__Exercise details__.
When you return the data, keep every word exact and include none of the images.

__Information shown__.
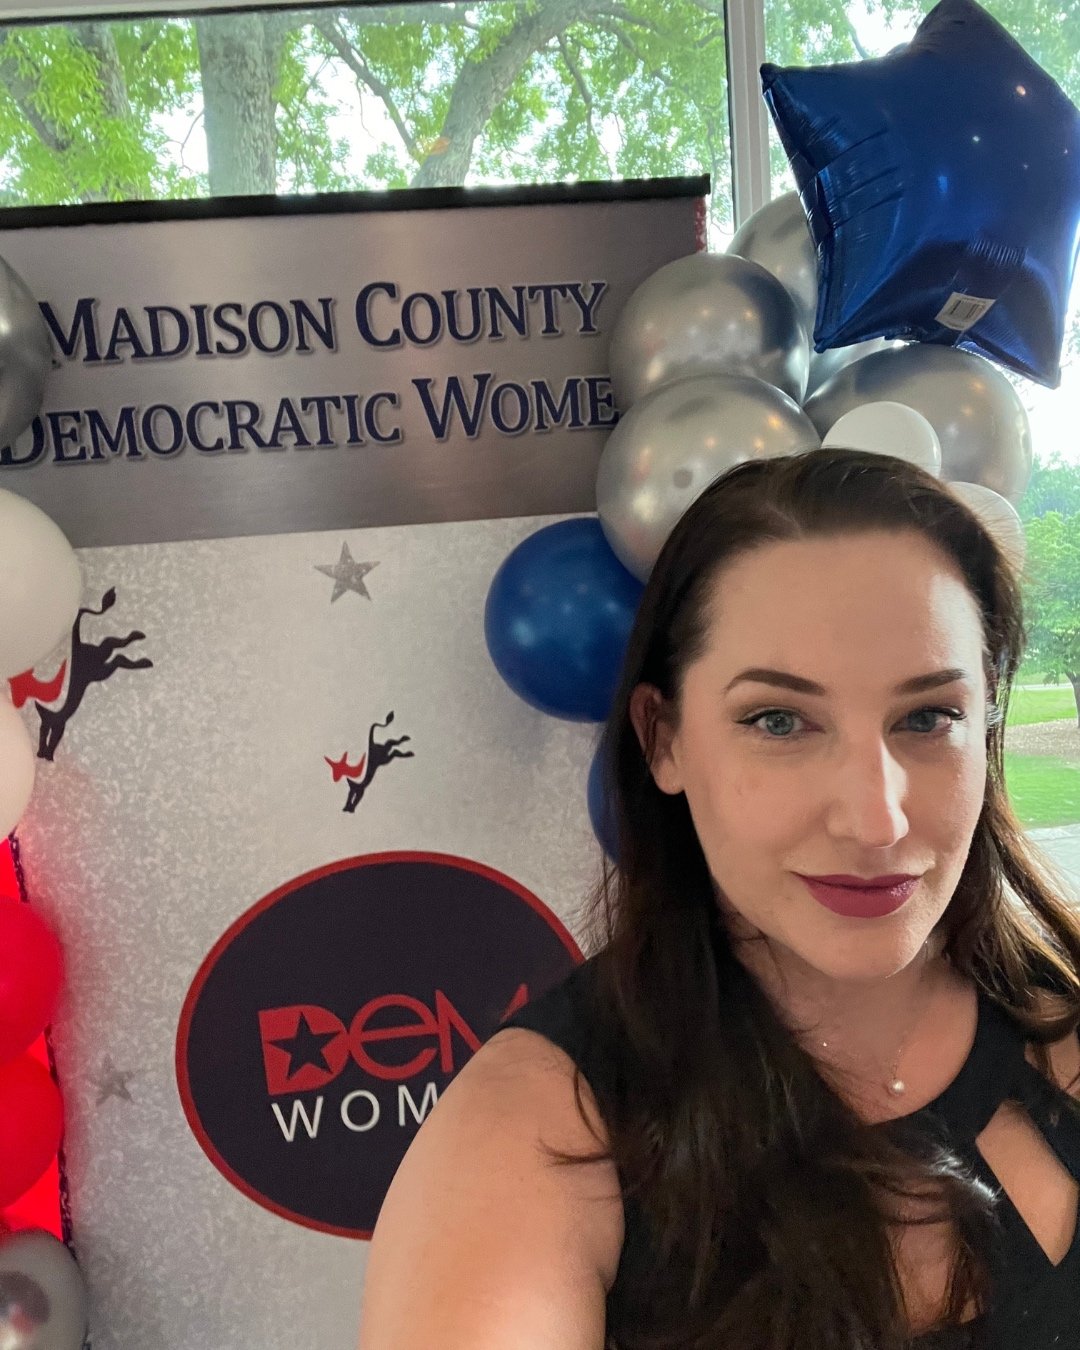 Wonderful Night at the Madison County Democratic Women's JFK Scholarship dinner last night! 

They picked two amazing young women to receive scholarships who had resumes that already impress!

#Democrats #JFK

__Task solution__.
 Wonderful Night at the Madison County Democratic Women's JFK Scholarship dinner last night! 

They picked two amazing young women to receive scholarships who had resumes that already impress!

#Democrats #JFK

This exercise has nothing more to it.